Les changements étaient loin d’être respectueux du climat, mais M. Wyden les a acceptés, disant qu’il croyait que cela aiderait à obtenir le soutien de M. Manchin.
Dans le même temps, d’autres démocrates élaboraient une disposition climatique encore plus ambitieuse pour le projet de loi, connue sous le nom de norme d’énergie propre, qui aurait payé les services publics d’électricité pour remplacer les centrales électriques au charbon et au gaz et pénalisé ceux qui ne l’ont pas fait.
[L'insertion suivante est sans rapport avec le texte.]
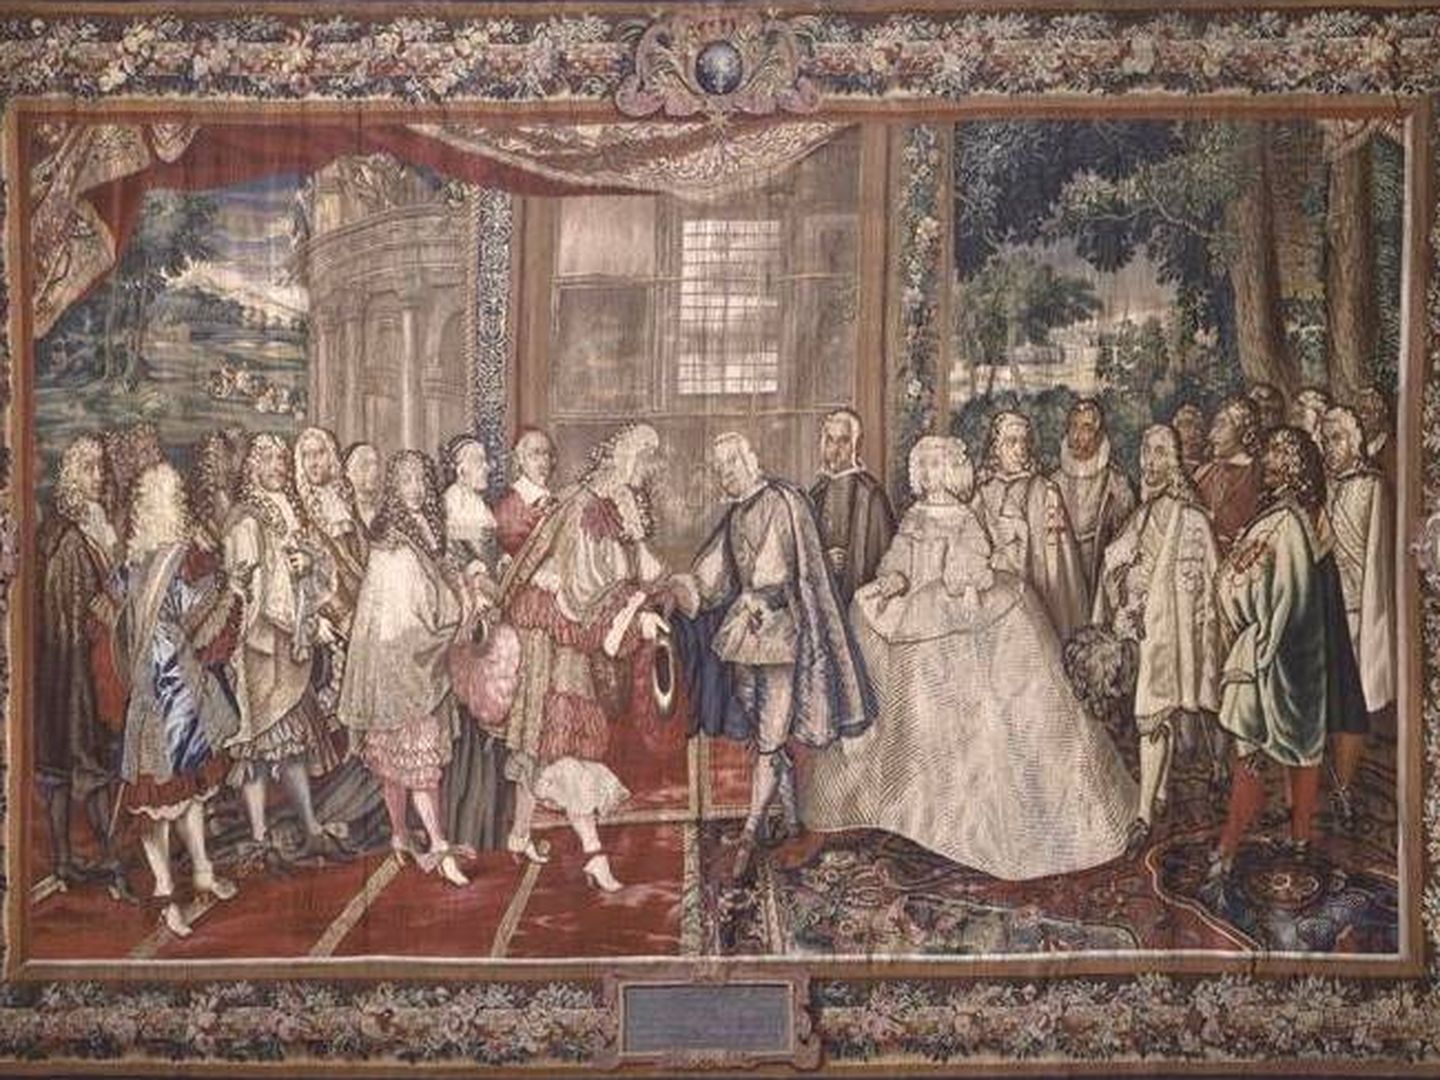 Encuentro de Felipe IV y Luis XIV a raíz del Tratado de los Pirineos.

Dans une note privée signée l’été dernier avec le sénateur Chuck Schumer de New York, le chef de la majorité, M. Manchin, président du Comité sénatorial de l’énergie et des ressources naturelles, a obtenu le contrôle de la conception du programme.
Puis, en décembre, M. Manchin s’est complètement retiré des négociations, affirmant qu’il ne pouvait pas voter pour le paquet global de dépenses. Les pourparlers étaient morts depuis des mois.
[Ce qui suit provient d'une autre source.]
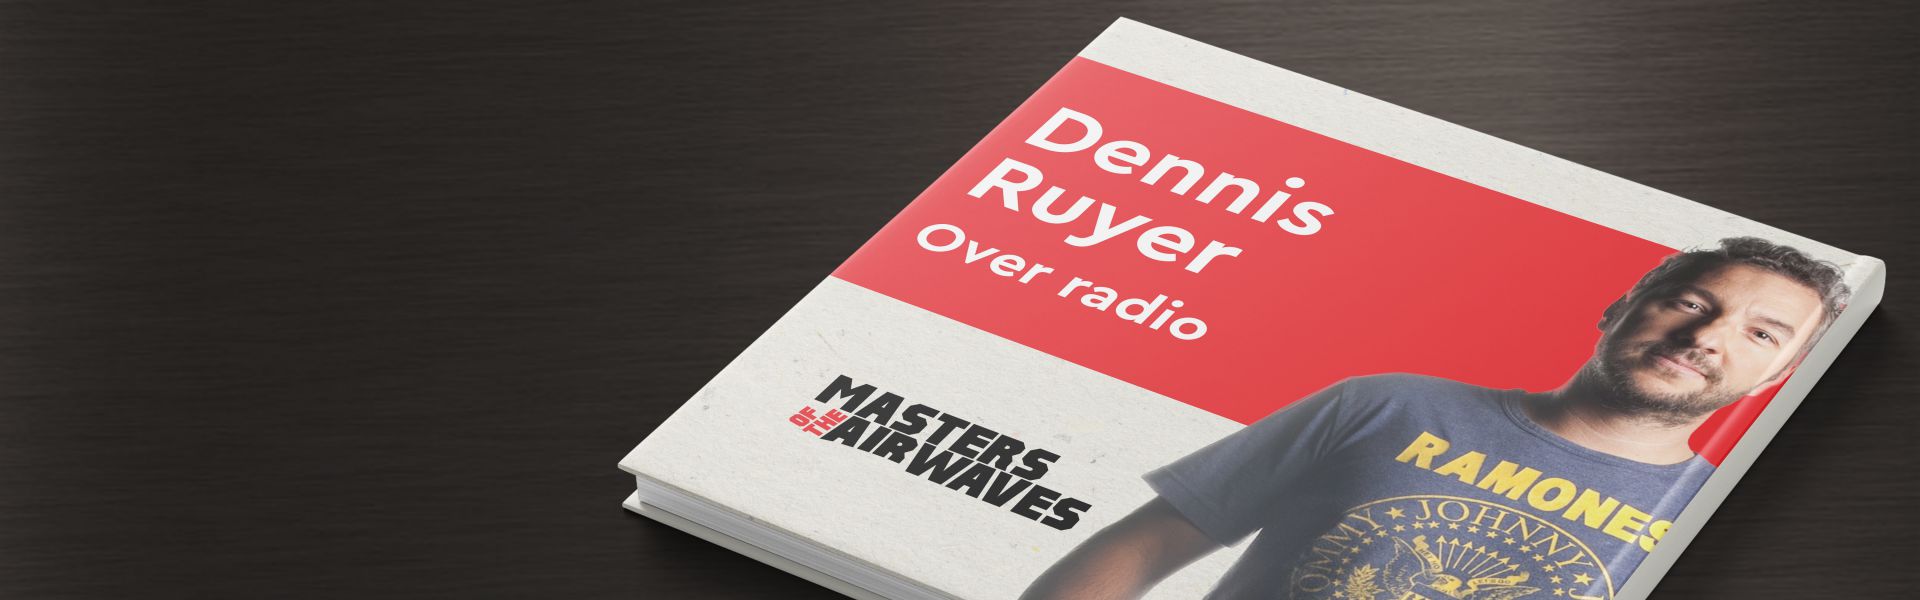 Dennis Ruyer over Radio

M. Manchin et d’autres démocrates ont laissé ouverte la possibilité d’un futur accord basé sur les 300 milliards de dollars de crédits d’impôt pour les énergies renouvelables et les véhicules électriques. Mais M. Manchin a également insisté pour que les dépenses soient réduites et que les combustibles fossiles – charbon, gaz et pétrole – soient inclus. Ces demandes sont devenues plus bruyantes à mesure que l’hiver se tournait vers le printemps et que la guerre de la Russie contre l’Ukraine a secoué les marchés de l’énergie et que les prix du gaz ont grimpé en flèche.
« L’invasion de l’Ukraine par la Russie a donné à Manchin une nouvelle autorité de négociation énorme, tout comme l’inflation record », a déclaré Paul Bledsoe, conseiller stratégique au Progressive Policy Institute. Cela, a-t-il dit, « a changé la dynamique ».
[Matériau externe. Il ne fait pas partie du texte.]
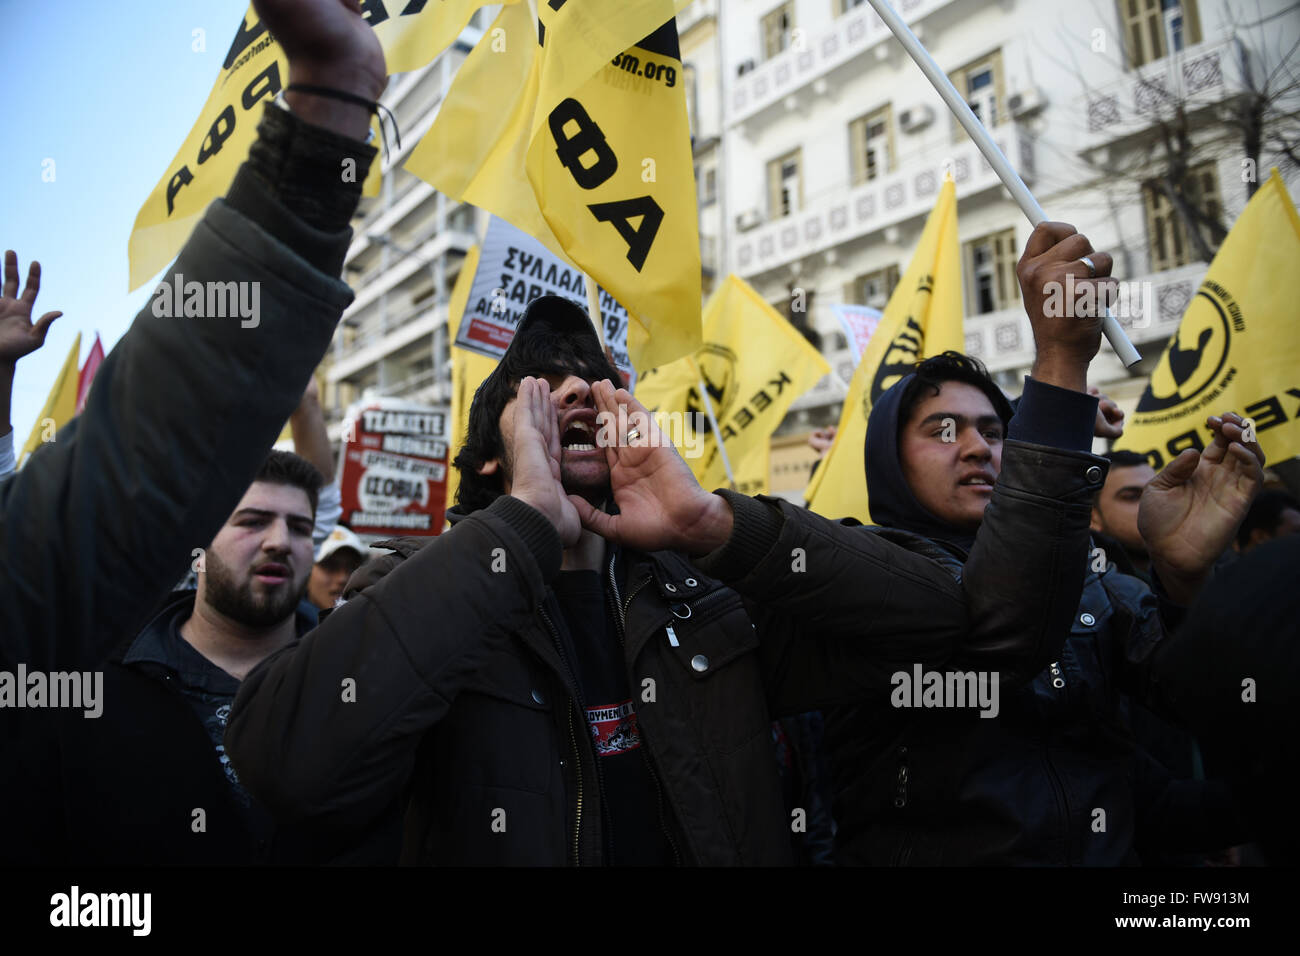 Les migrants et les réfugiés crier des slogans en marchant, au nord de la ville grecque de Thessalonique. Les migrants et les réfugiés ont montré exigeant pour les frontières de l'UE d'ouvrir, afin de continuer leur voyage vers le nord de l'Europe. Banque D'Images

Au cours des dernières semaines, les démocrates pensaient qu’ils étaient enfin proches d’un accord sur le paquet climat avec M. Manchin. Mais il avait encore des revendications : il voulait éliminer des milliards de dollars en crédits d’impôt pour véhicules électriques. Il voulait retravailler le paquet de taxes sur l’énergie propre qu’il avait élaboré avec M. Wyden, en éviscérant un plan visant à donner aux promoteurs d’énergie propre des paiements directs à l’avance au lieu de crédits d’impôt qu’ils pourraient récupérer après leur investissement.
M. Schumer a accédé à toutes les demandes et plus encore, ont déclaré des membres du personnel. Jusqu’à jeudi soir, le chef de la majorité pensait qu’un accord était possible, selon des militants pour le climat qui se sont entretenus avec M. Schumer plus tard dans la nuit.
La Maison Blanche a également fait des concessions à M. Manchin.
Ce mois-ci, le ministère de l’Intérieur a offert la possibilité de 11 nouvelles ventes de baux pétroliers et gaziers offshore dans le golfe du Mexique et en Alaska – malgré la promesse de campagne de M. Biden de mettre fin aux nouveaux forages dans les eaux fédérales – que deux responsables de l’administration ont décrite comme un effort pour apaiser M. Manchin. La Maison Blanche réfléchissait également à l’opportunité d’autoriser d’autres projets de combustibles fossiles, comme un gazoduc en Virginie-Occidentale, afin d’obtenir le vote de M. Manchin.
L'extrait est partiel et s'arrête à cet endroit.